Burkhardt, in fact, made a conscious decision not to hire a PR firm. Two days after the infamous scrum, he and his board found themselves on the receiving end of a PR firm’s pitch, an offer to protect MMA’s corporate trademark and name. But Burkhardt had already determined the company’s fate.
MMA would “go into bankruptcy and be sold and liquidated,” so what was the company “trying to accomplish by a bunch of PR guys running around?” he said.
The railroader’s daunting presence left a sea of blank stares in the boardroom.
Burkhardt told me, “You’d be spending money (on PR firms) that was legitimately due to the claimants.”
One might ask oneself: is this the voice of a heartless villain?
There’s no denying Burkhardt came off badly in his Lac-Mégantic debut. He doesn’t know how to take questions, where to look, or how to stay calm. When he talks, he sometimes sounds like he’s regurgitating company logistics at a board meeting; other times his voice cracks, inner emotions surfaces but are then immediately suppressed – “I’m not very good at crying in public.” Burkhardt neither hid behind doublespeak nor faked any tears. His responses were, if nothing else, honest.

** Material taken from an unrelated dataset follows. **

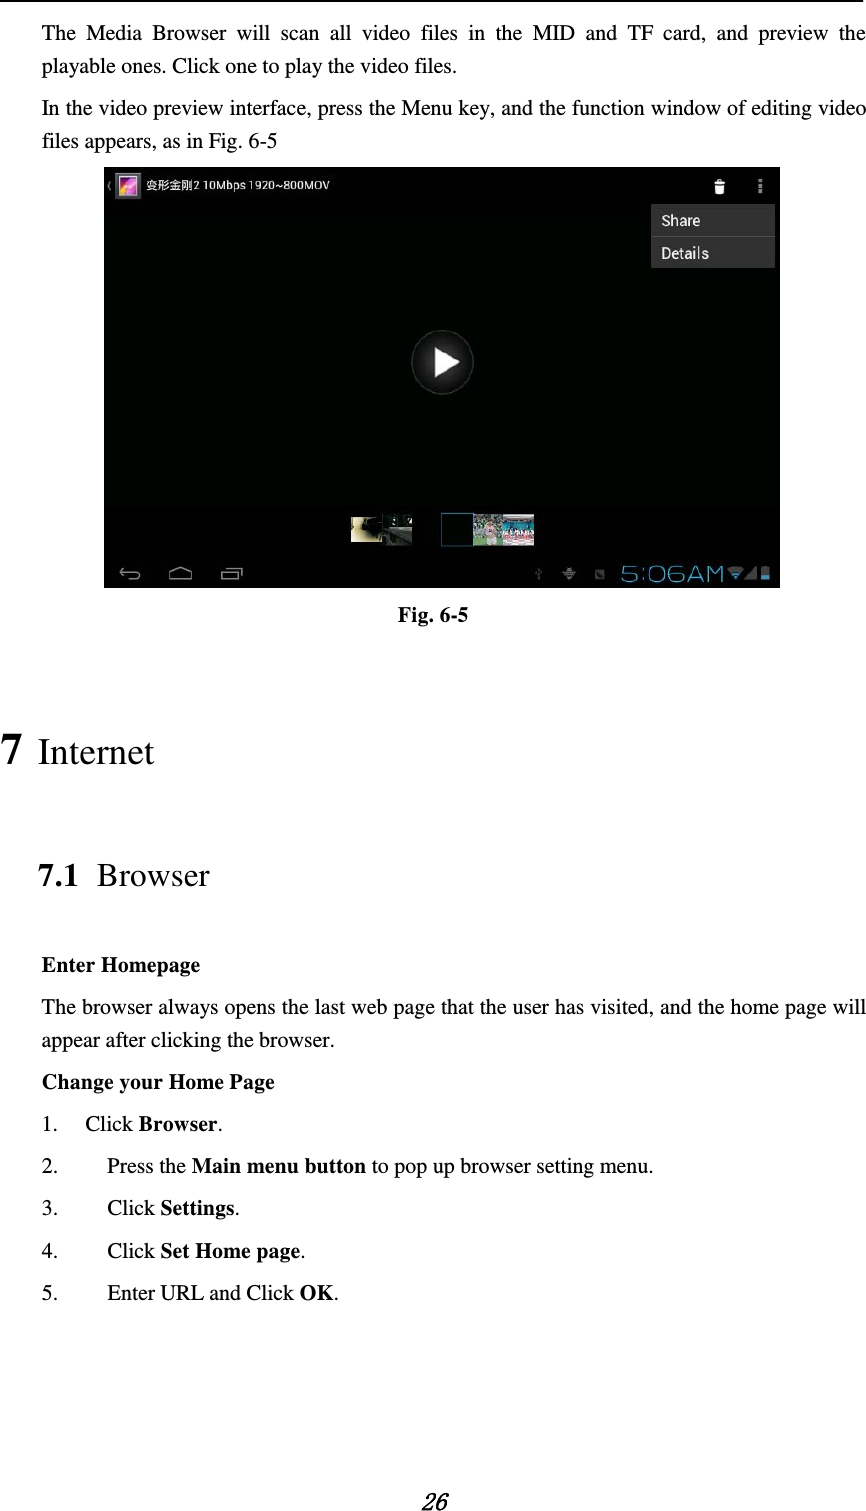    26 The Media Browser will scan all video files in the MID and TF card, and preview the playable ones. Click one to play the video files. In the video preview interface, press the Menu key, and the function window of editing video files appears, as in Fig. 6-5  Fig. 6-5 7 Internet 7.1 Browser Enter Homepage The browser always opens the last web page that the user has visited, and the home page will appear after clicking the browser. Change your Home Page 1. Click Browser. 2.   Press the Main menu button to pop up browser setting menu. 3.   Click Settings. 4.   Click Set Home page. 5.   Enter URL and Click OK.     
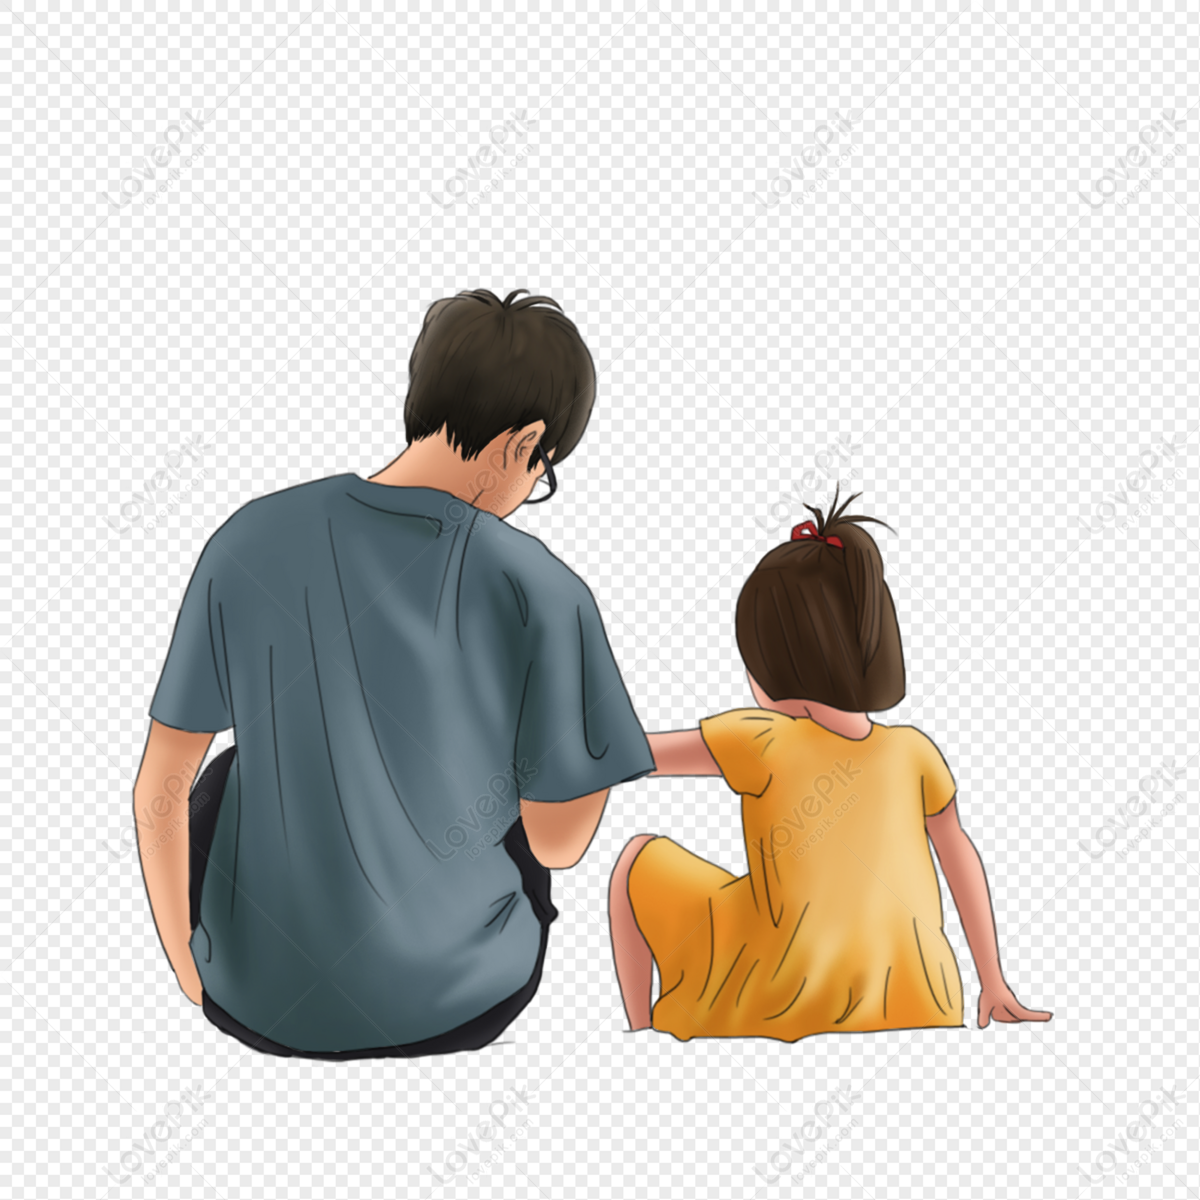 Father With Children PNG Hd Transparent Image And Clipart Image For Free  Download - Lovepik | 401753684

The reality of Lac-Mégantic’s media spectacle struck the CBC’s Raffy Boudjikanian upon returning to Montreal. For the first time Boudjikanian was able to step beyond the entanglement of the media consensus and consider whether or not Burkhardt was treated fairly.
Perhaps judgment on Burkhardt was passed too quickly, he thought. Perhaps his unfiltered exterior was the manifestation of a man in shock. Journalists expect authority figures like Burkhardt to show up with some PR guidance, on how to neatly pack statements into 15-second sound bites, and may be frustrated when they can’t.
In a way though, he said, Burkhardt’s unfiltered responses “made it more interesting journalistically.”
Boudjikanian’s ambivalence about Burkhardt persists.